Here are some of the verses I have heard sung with immense applause:
The spiritualists only can work by night,
They keep it dark;
For their full-bodied spirits cannot stand the light,
So they keep it dark;
They profess to call spirits, but I call for rum
And brandy or gin as the best medium
For raising the spirits whenever I’m glum;
But keep it dark.
The utter silliness of many of the songs is shown by the following, “sung with immense success,” as I read in the programme, by Herbert Campbell:
I’ve read of little Jack Horner,
I’ve read of Jack and Jill,
And old Mother Hubbard,
Who went to the cupboard
To give her poor dog a pill;
But the best is Cowardy Custard,
Who came to awful grief
Through eating a plate of mustard
Without any plate of beef.Chorus.
Cowardy Cowardy Custard, oh dear me,
Swallowed his father’s mustard, oh dear me—
He swallowed the pot, and he collared it hot;
For, much to his disgust,
The mustard swelled, Cowardy yelled,
Then Cowardy Cowardy bust.
This is supposed, I presume, to be a good song. What are we to think of the people who call it so? It is difficult to imagine the depth of imbecility thus reached on the part of singer and hearers, and is a fine illustration of the influence of beer and “baccy” as regards softening the brain. The music-hall singer degrades his audience.

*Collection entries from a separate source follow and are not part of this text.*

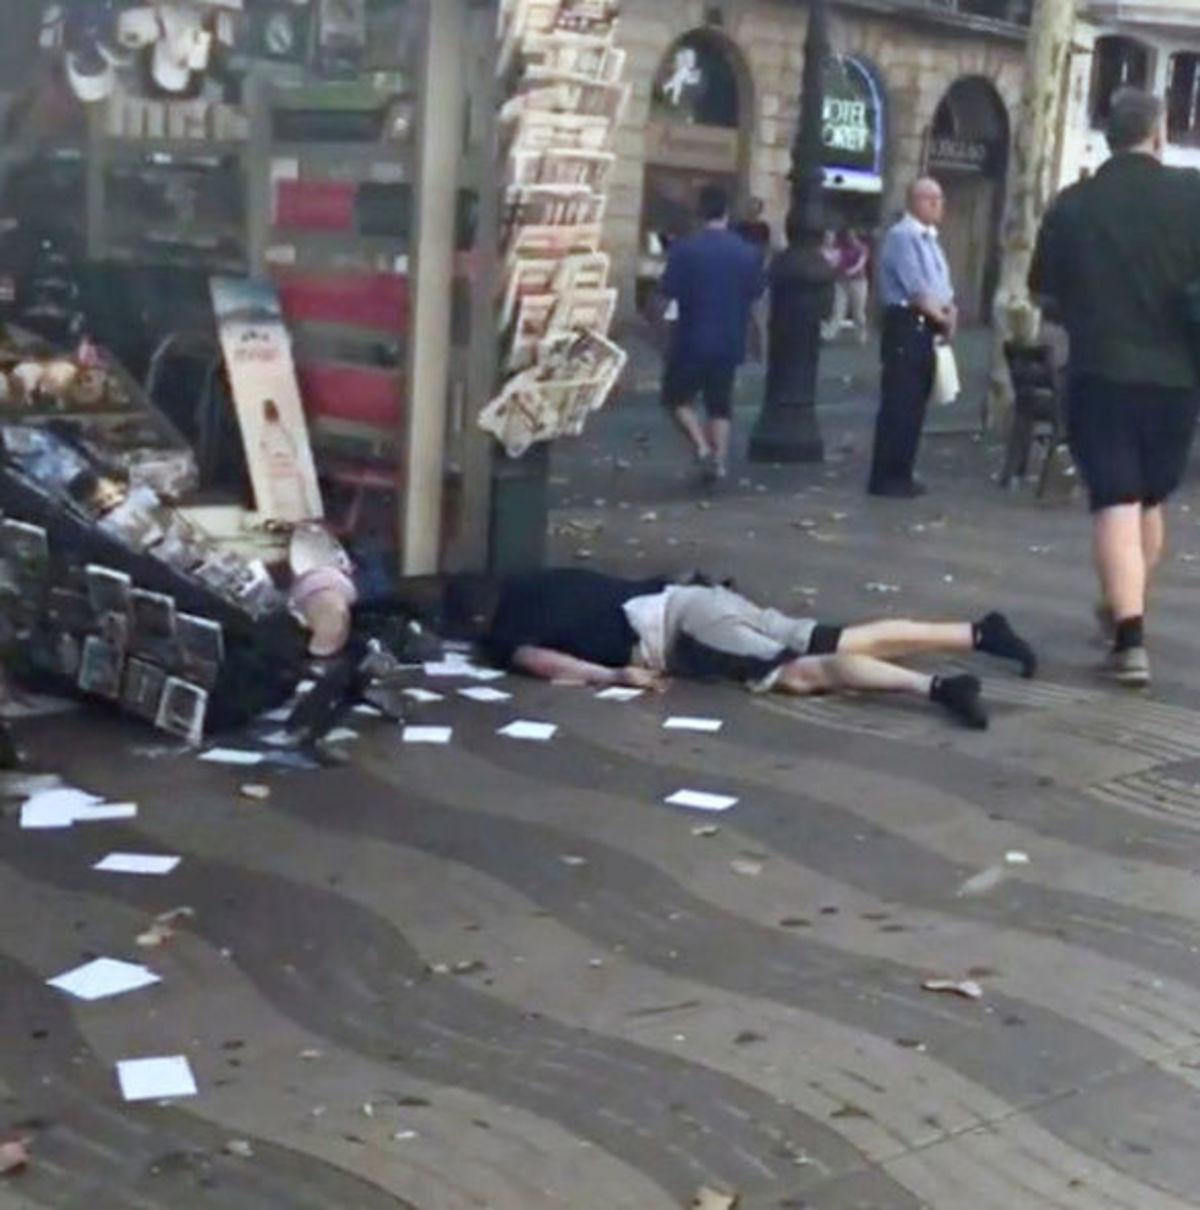 Επίθεση στη Βαρκελώνη: Το μακελειό σε σκληρές εικόνες – Χάος, πτώματα και θρήνος   Newsit.gr
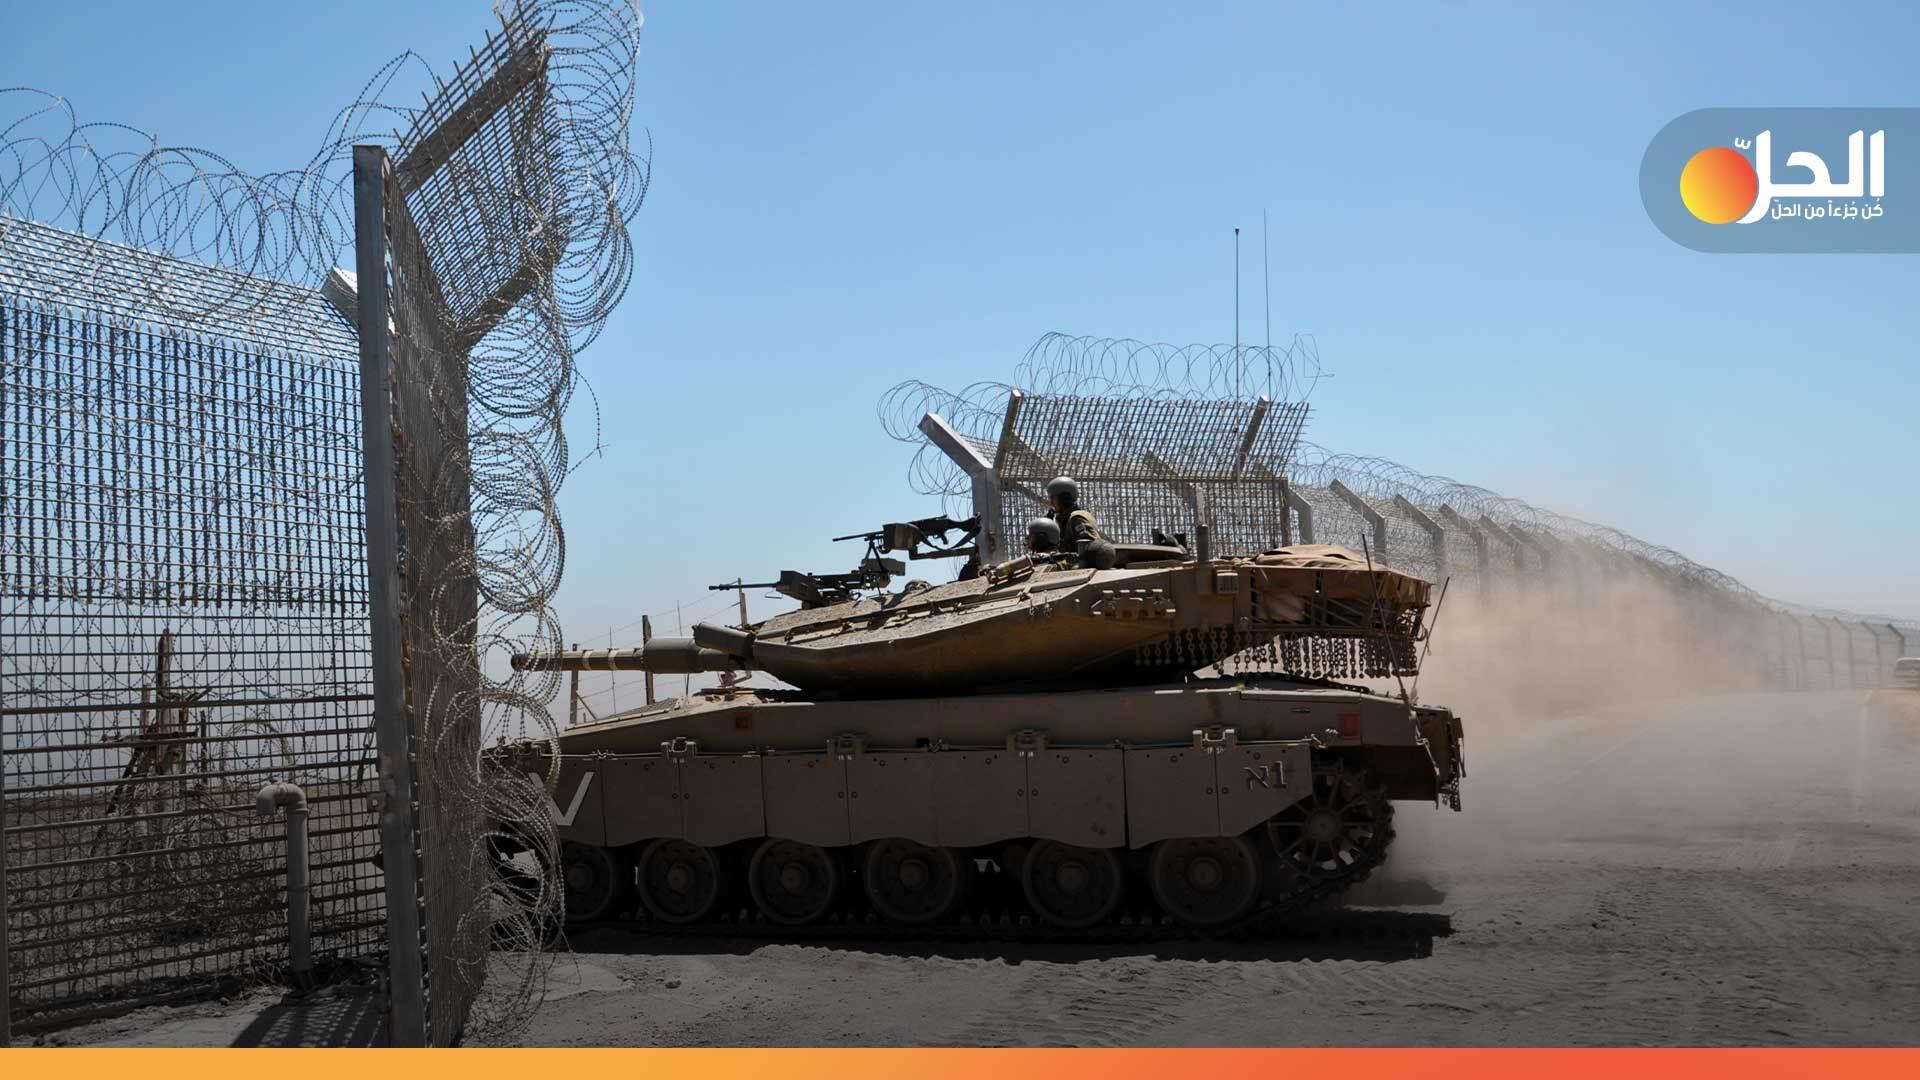 الجيش الإسرائيلي يكشف عن عدد المرات التي استهدف فيها سوريا في عام 2020
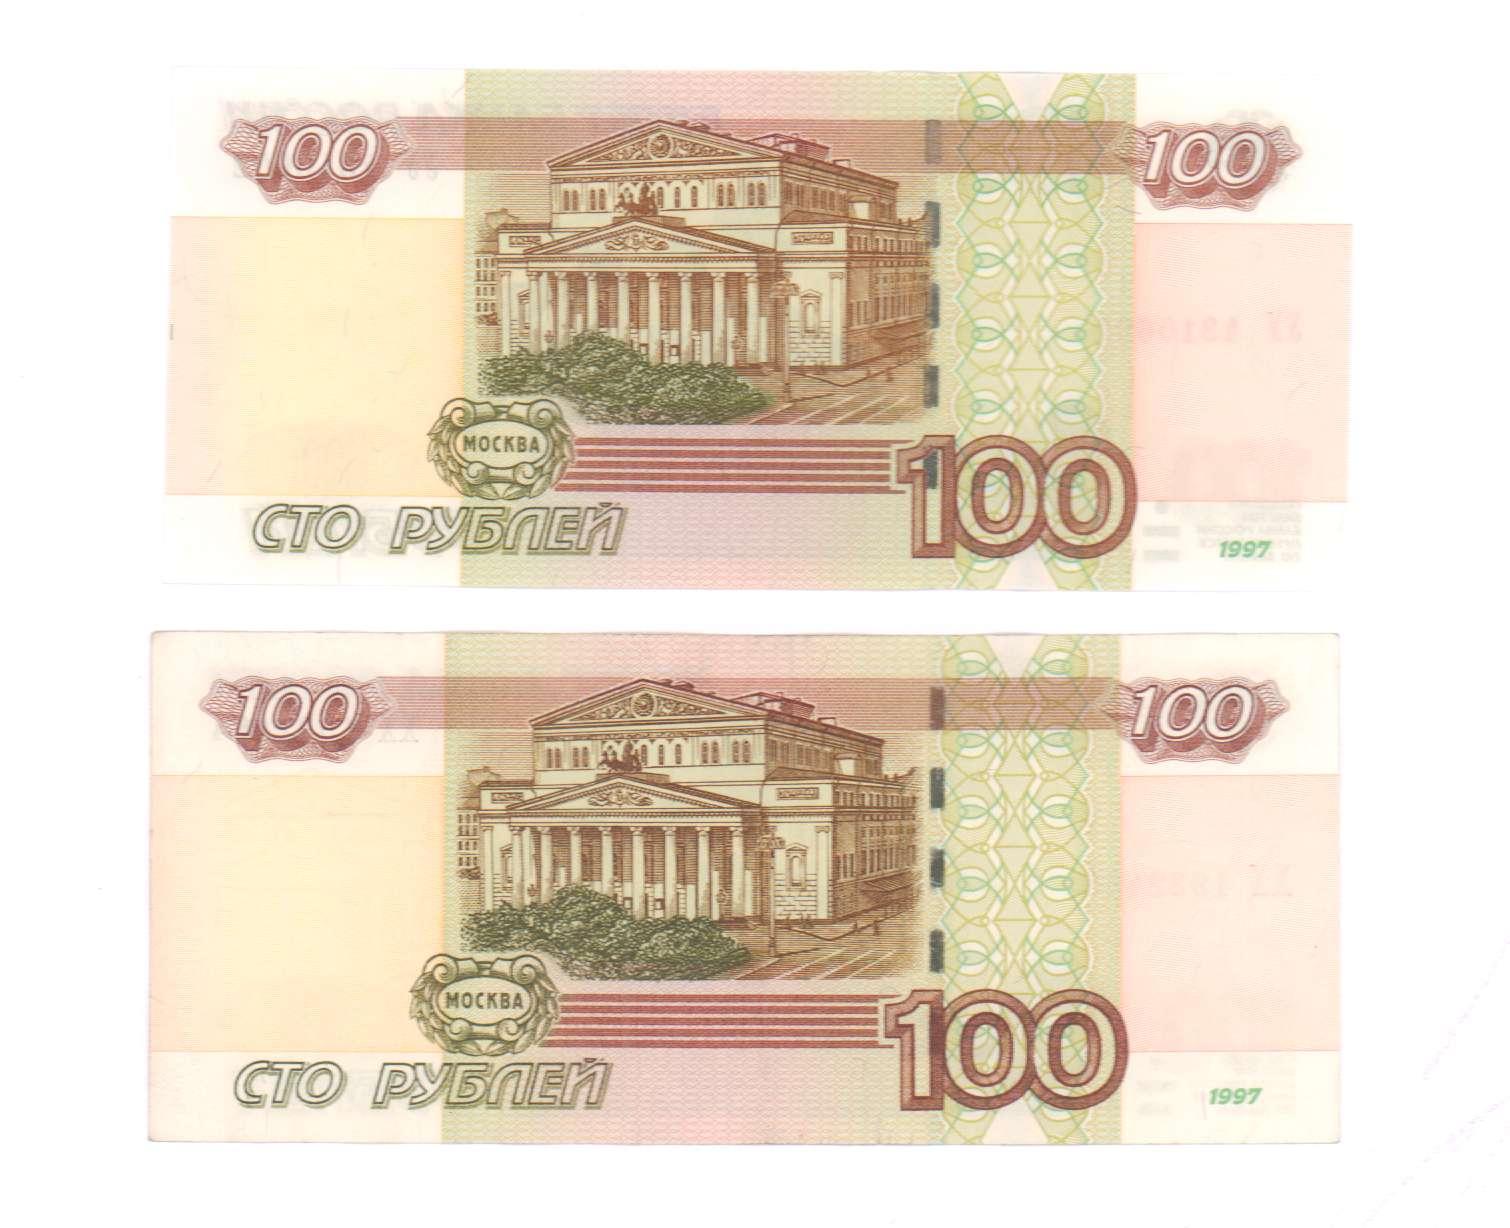 Деньги картинки сто рублей

Even when he sings of passing events he panders as much as possible to the passions and prejudices of the mob. His words are redolent of claptrap and fury, and are a mischievous element in the formation of public opinion. Heroes and patriots are not made in music-halls. But rogues and drunkards and vagabonds—and lazy, listless lives, destitute of all moral aim. There are respectable people who go to music-halls—women as well as men—but they get little good there. Indeed, it would be a miracle if they did.